[Saved entries]
★ ★ ★ ★
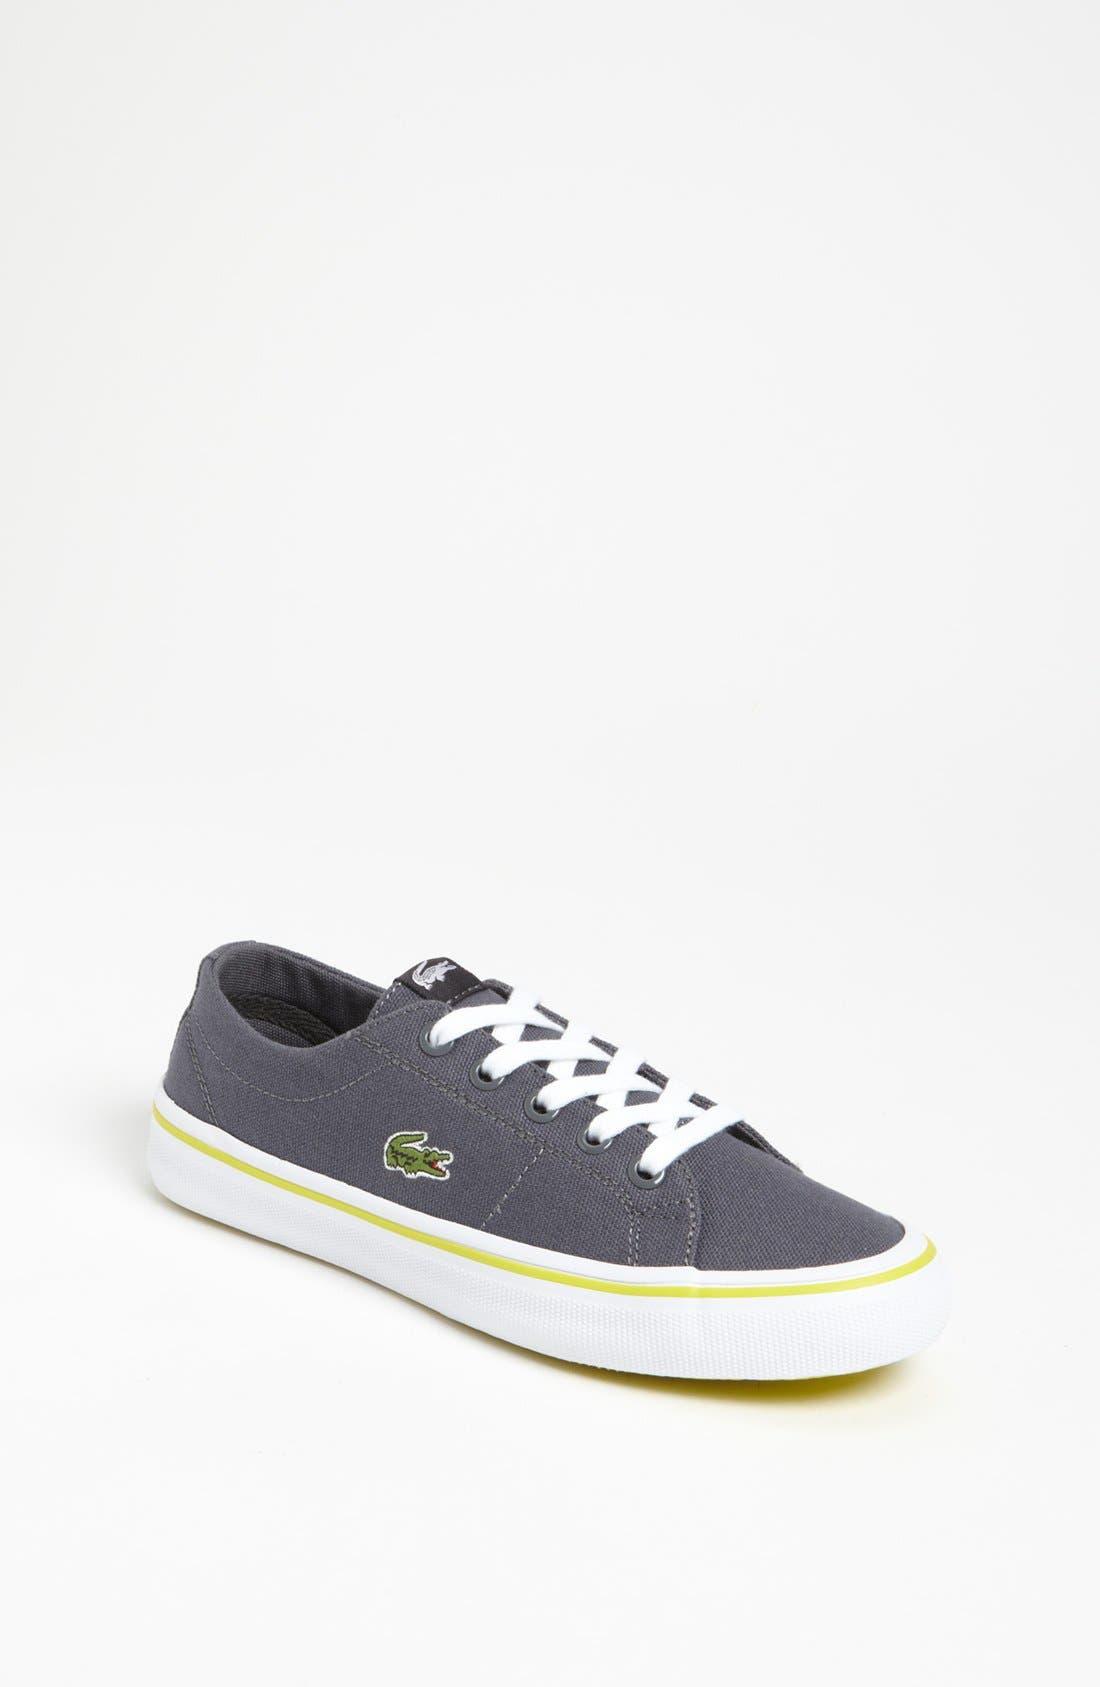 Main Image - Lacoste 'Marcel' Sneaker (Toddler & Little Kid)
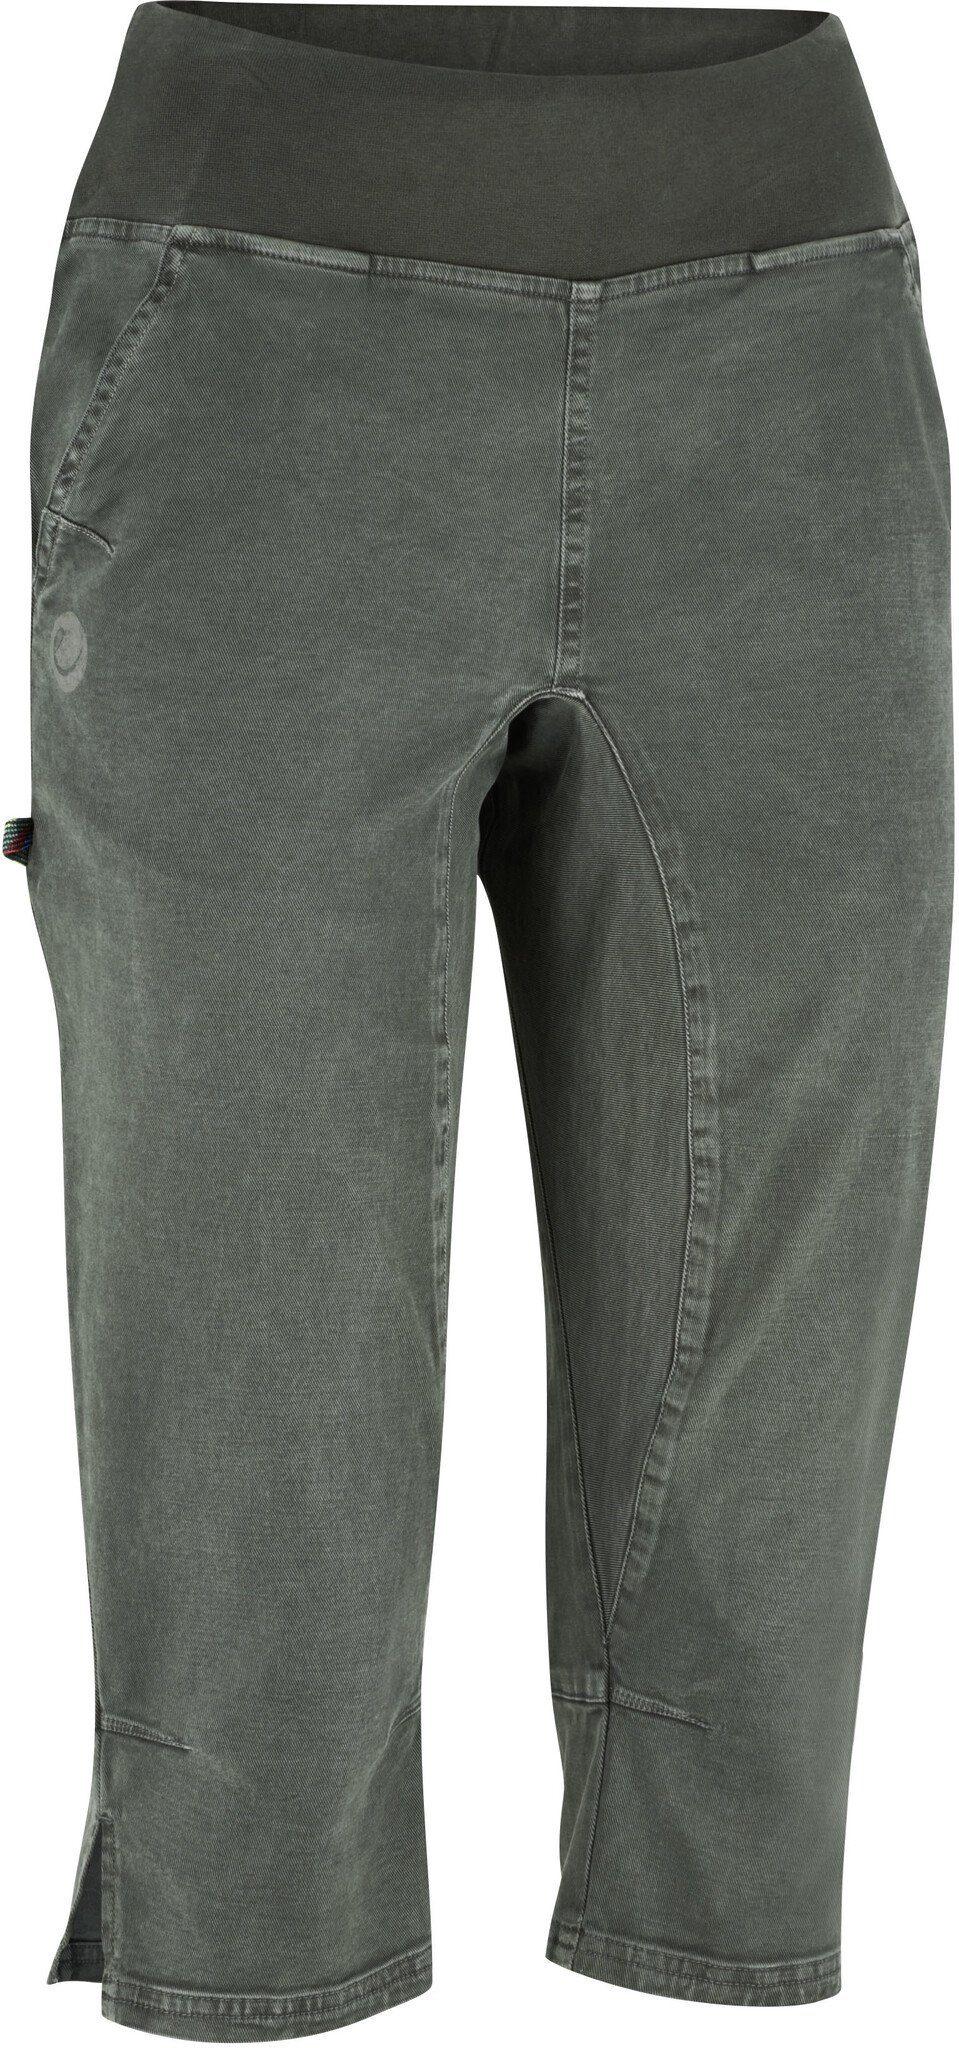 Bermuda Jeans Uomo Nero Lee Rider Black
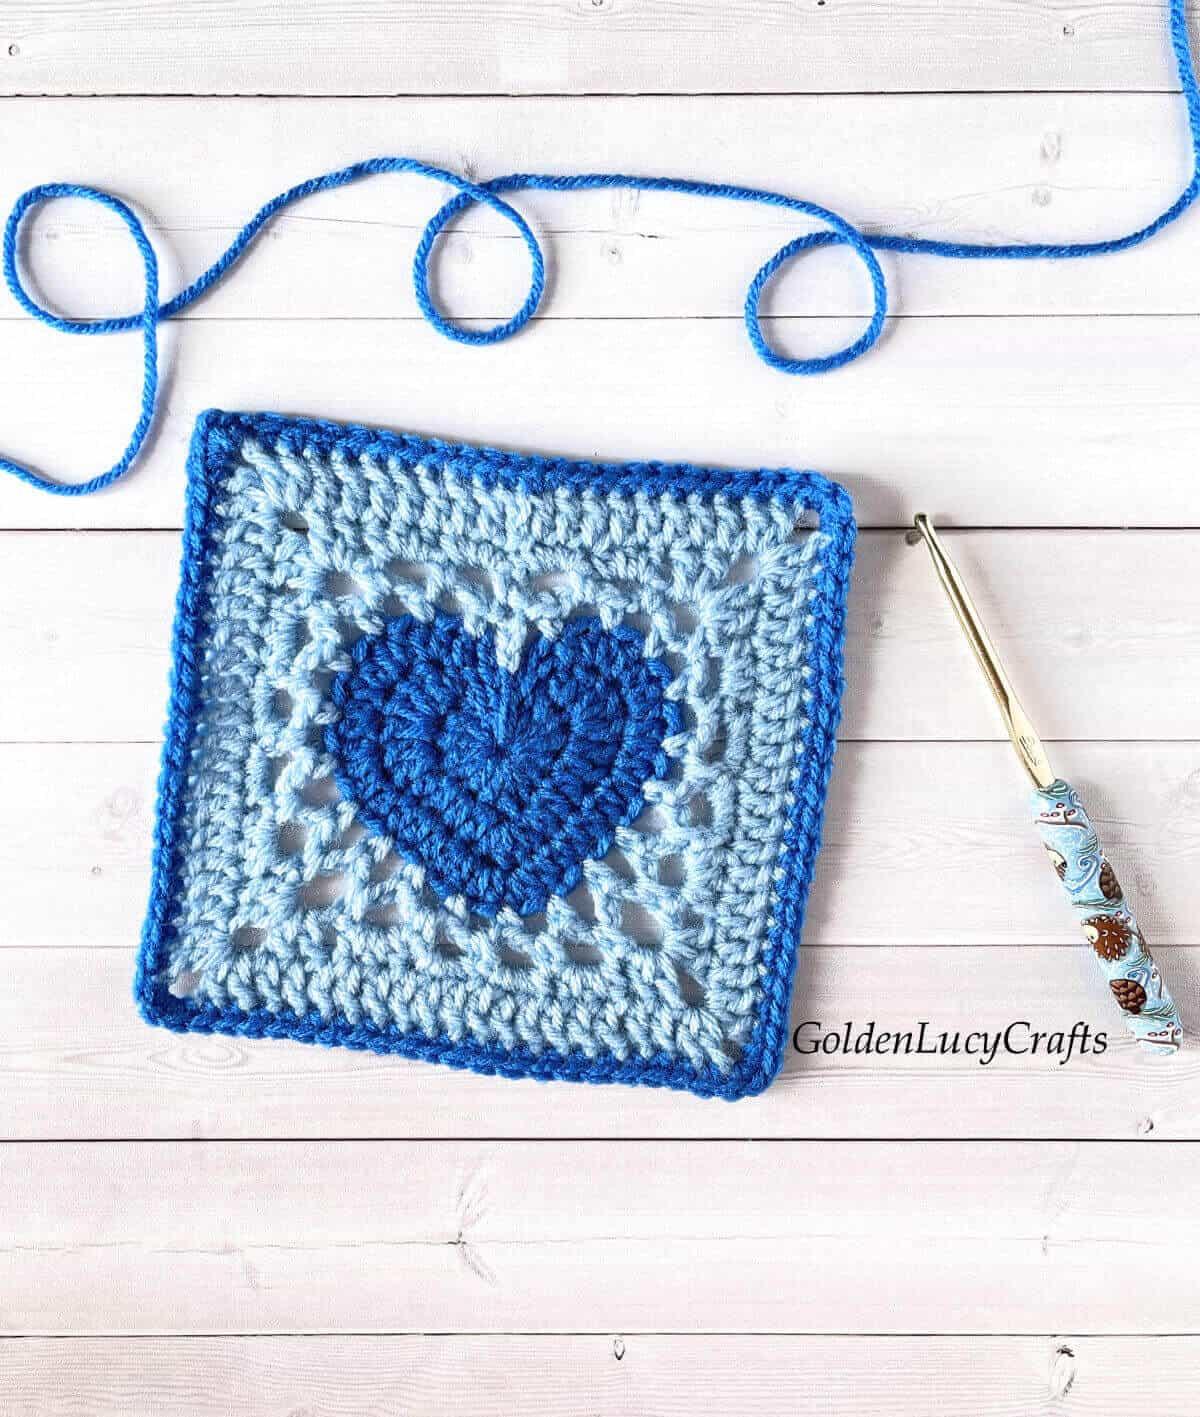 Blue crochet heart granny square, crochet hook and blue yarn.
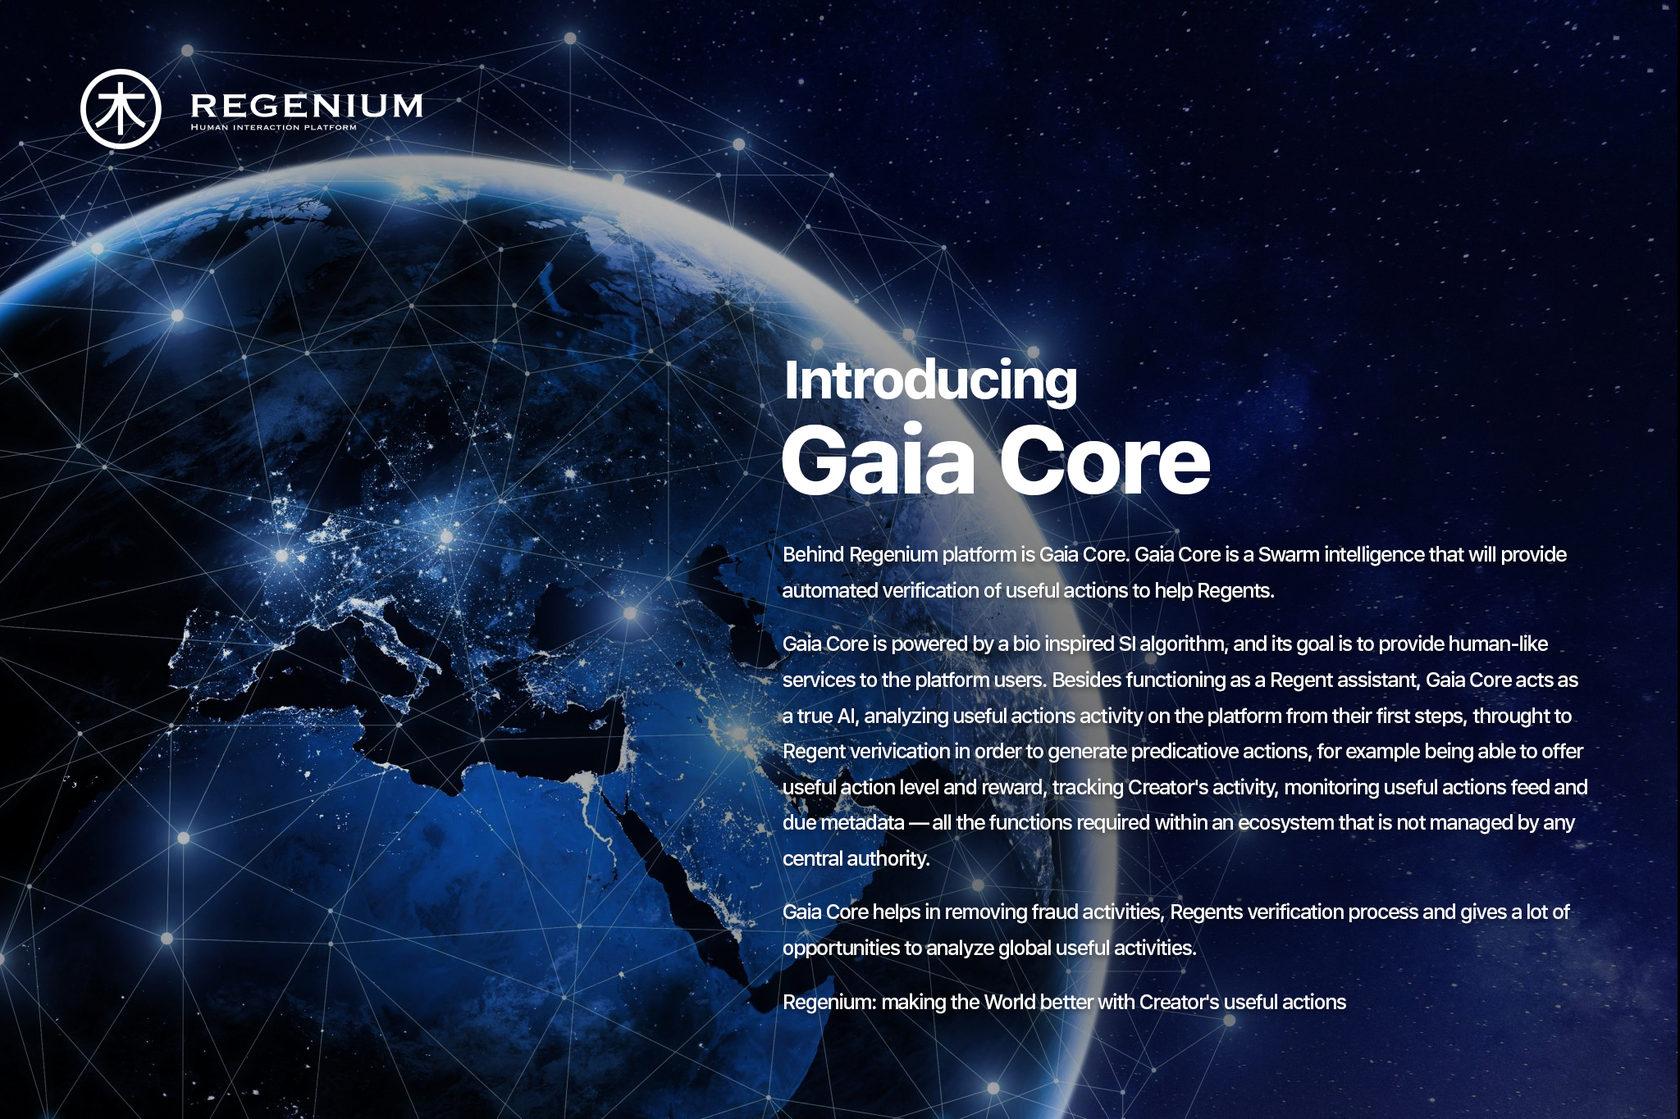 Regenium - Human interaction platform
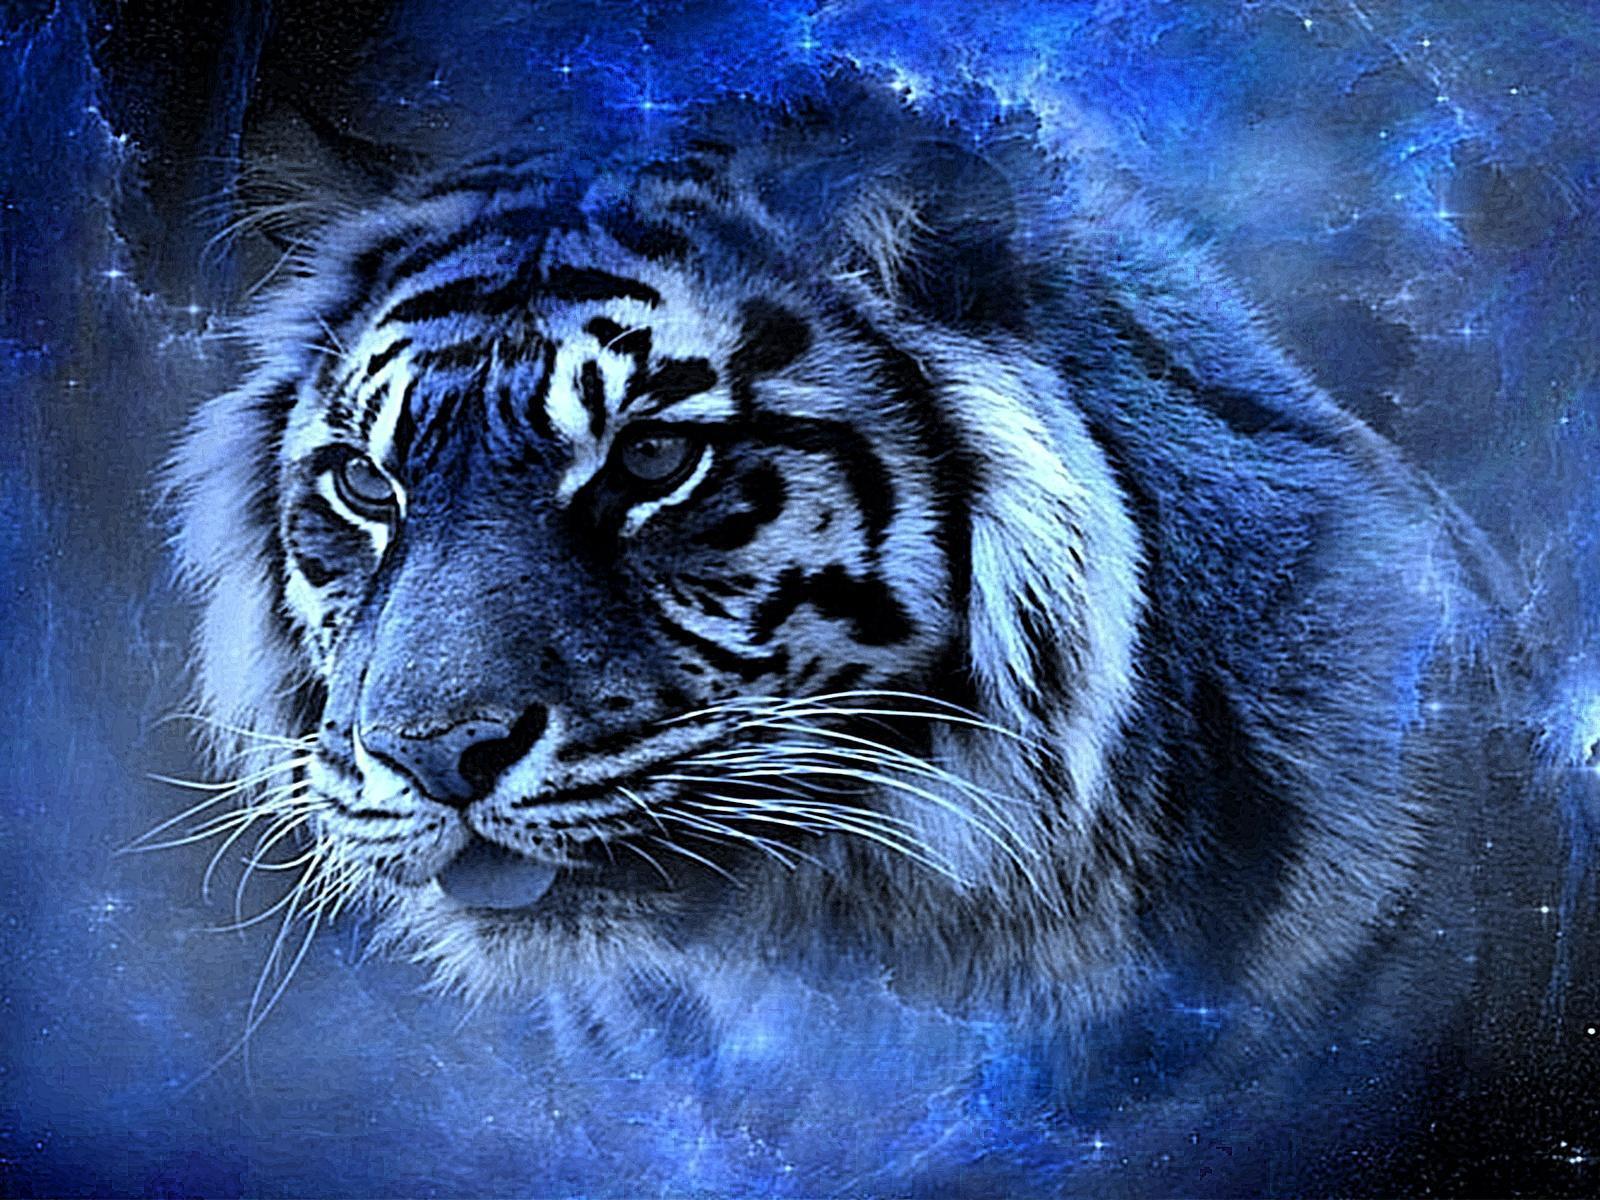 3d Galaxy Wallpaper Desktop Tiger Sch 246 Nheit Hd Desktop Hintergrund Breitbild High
★ ★ ★ ★
Pictures should be omitted. Please return exactly the lines from the line that holds "Bermuda Jeans Uomo Nero Lee Rider Black" through the end of the records.

**Expected output**.
 Bermuda Jeans Uomo Nero Lee Rider Black
 Blue crochet heart granny square, crochet hook and blue yarn.
 Regenium - Human interaction platform
 3d Galaxy Wallpaper Desktop Tiger Sch 246 Nheit Hd Desktop Hintergrund Breitbild High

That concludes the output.